[Directions for this task]
Scan the entries below for "Maillon" and copy each line that holds it.

Dataset content: Begin

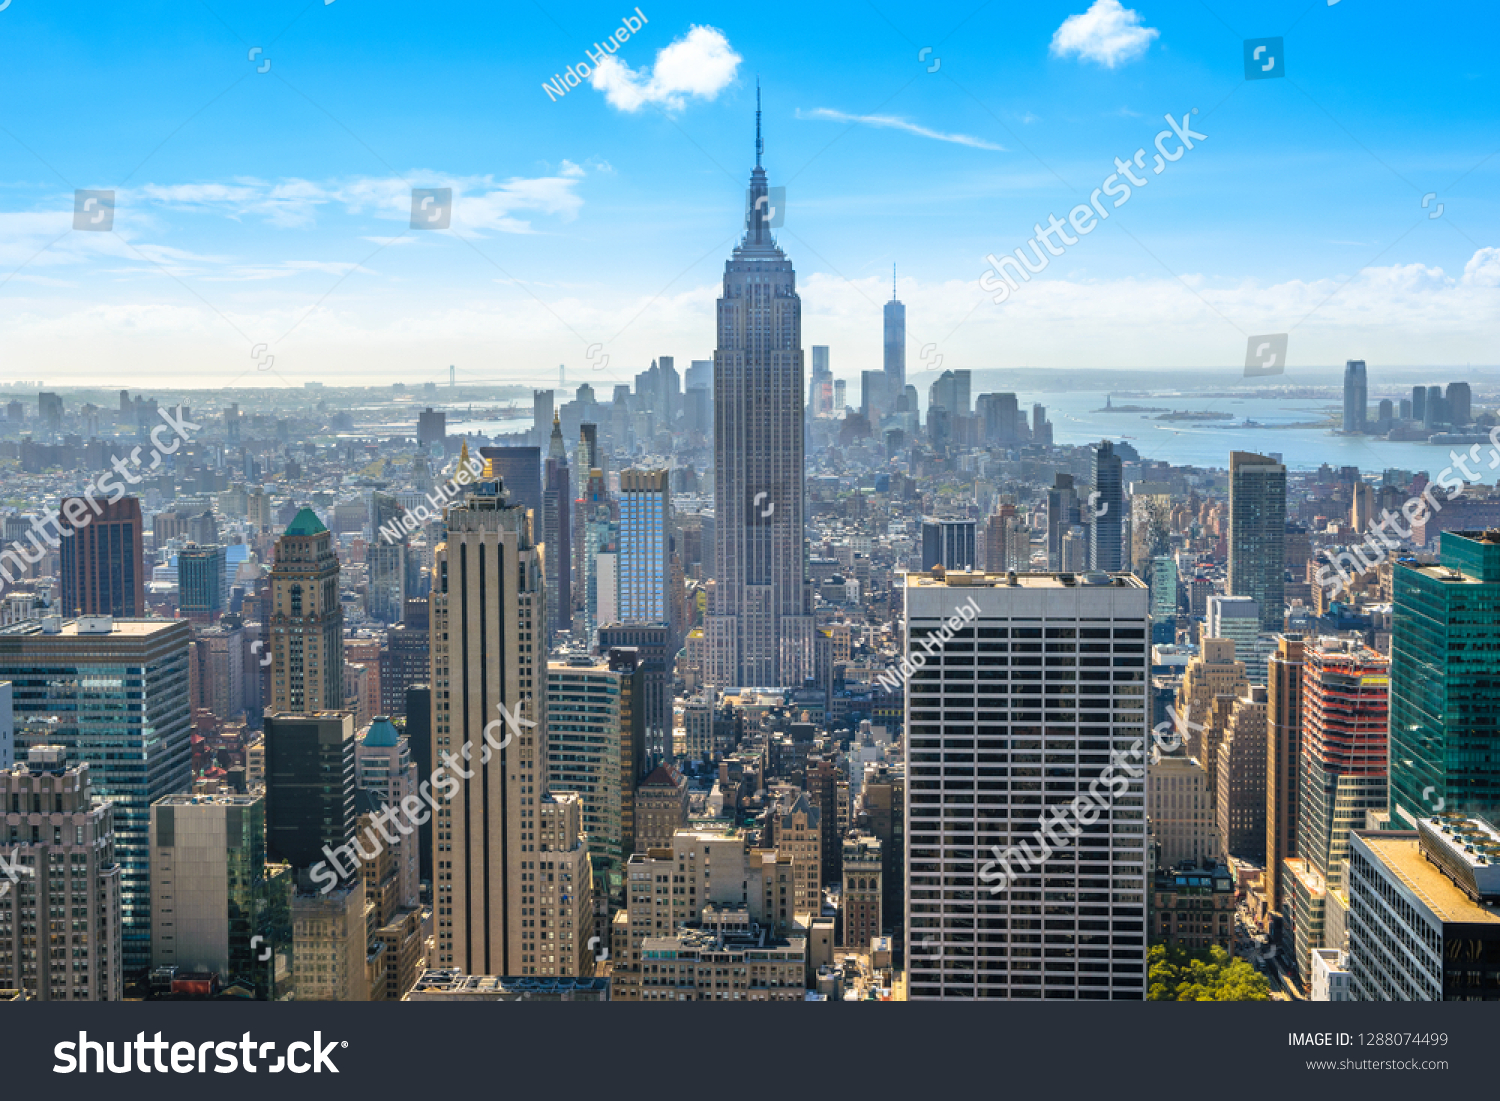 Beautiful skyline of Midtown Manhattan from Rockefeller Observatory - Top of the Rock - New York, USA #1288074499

Dataset content: End
Dataset content: Begin

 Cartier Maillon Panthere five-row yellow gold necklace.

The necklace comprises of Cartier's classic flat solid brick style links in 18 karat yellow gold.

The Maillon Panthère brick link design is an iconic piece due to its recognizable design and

Dataset content: End
Dataset content: Begin

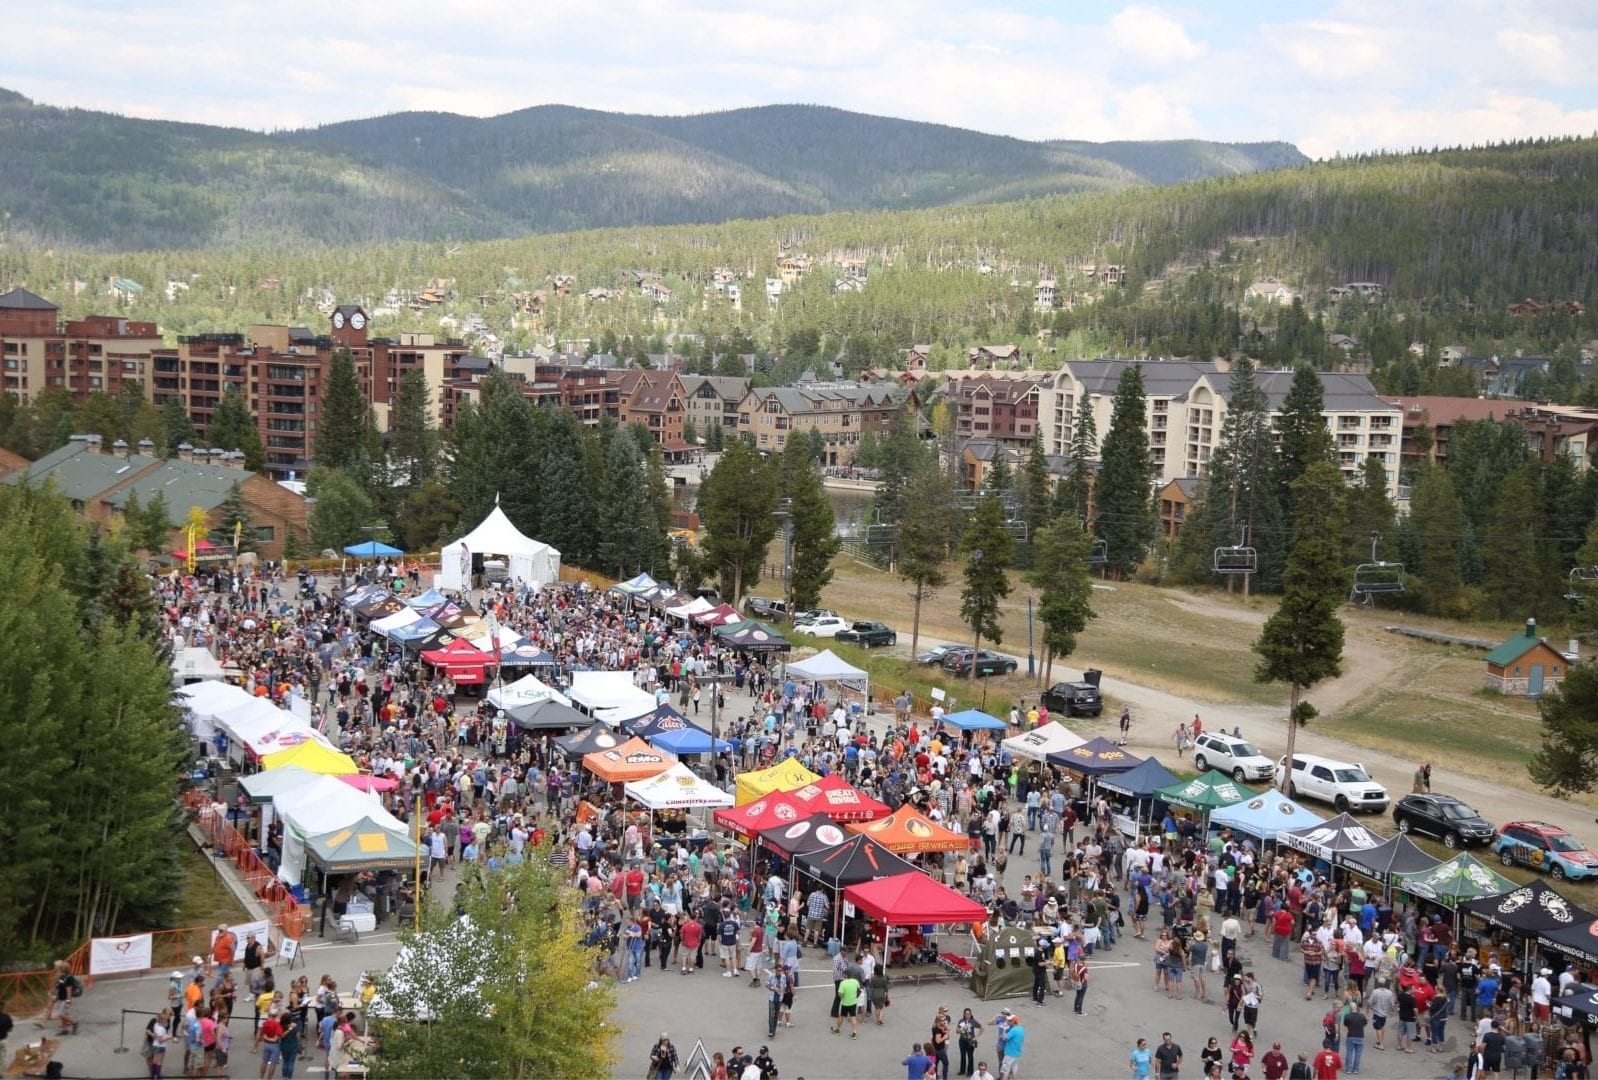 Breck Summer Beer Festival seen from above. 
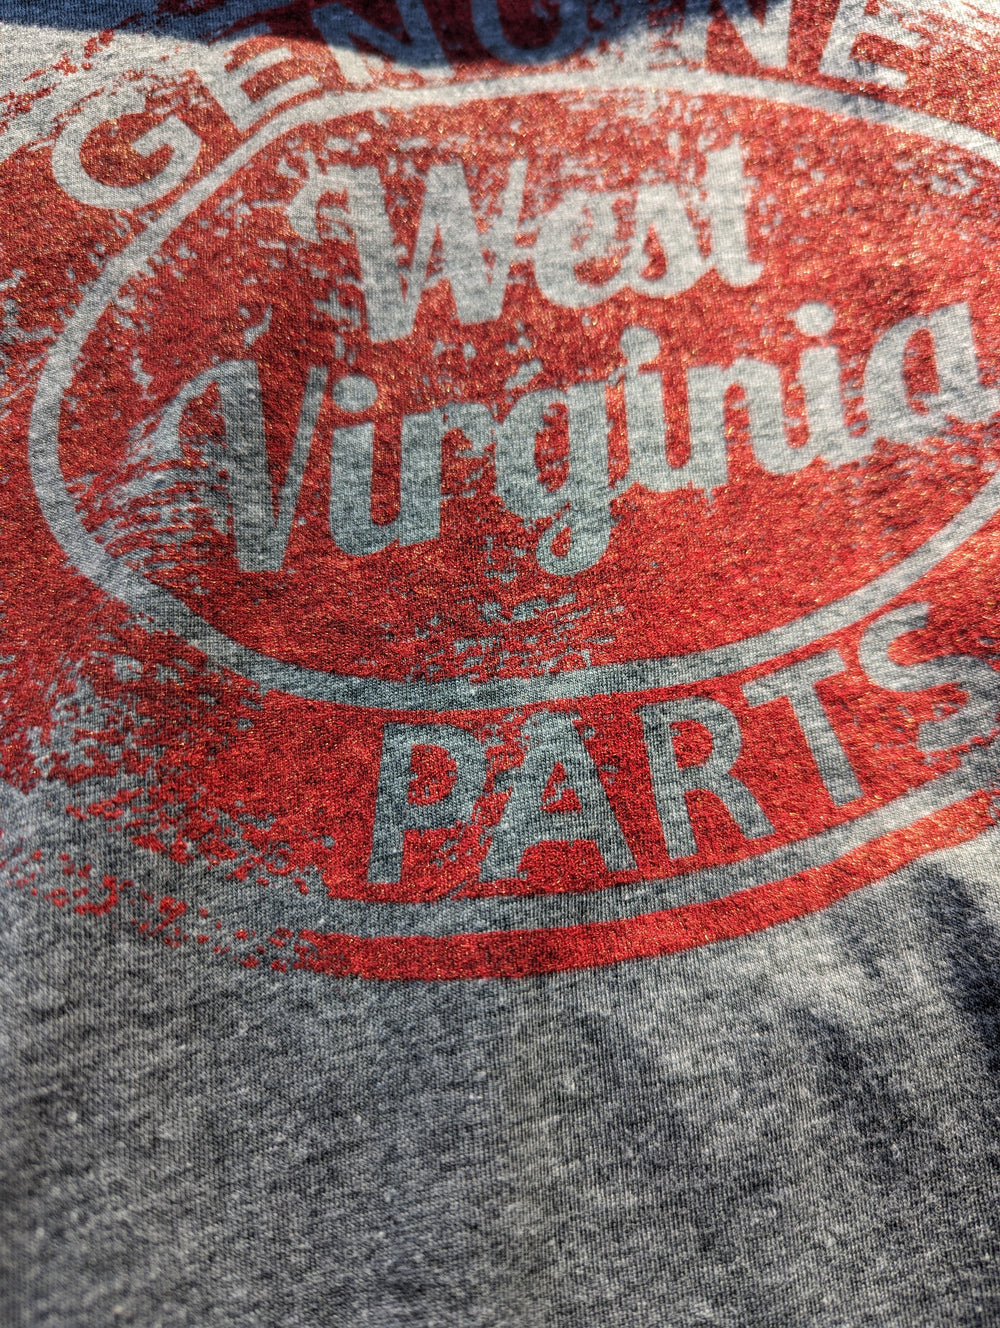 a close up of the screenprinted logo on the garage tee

Dataset content: End

[Finished exercise]
 Cartier Maillon Panthere five-row yellow gold necklace.
The Maillon Panthère brick link design is an iconic piece due to its recognizable design and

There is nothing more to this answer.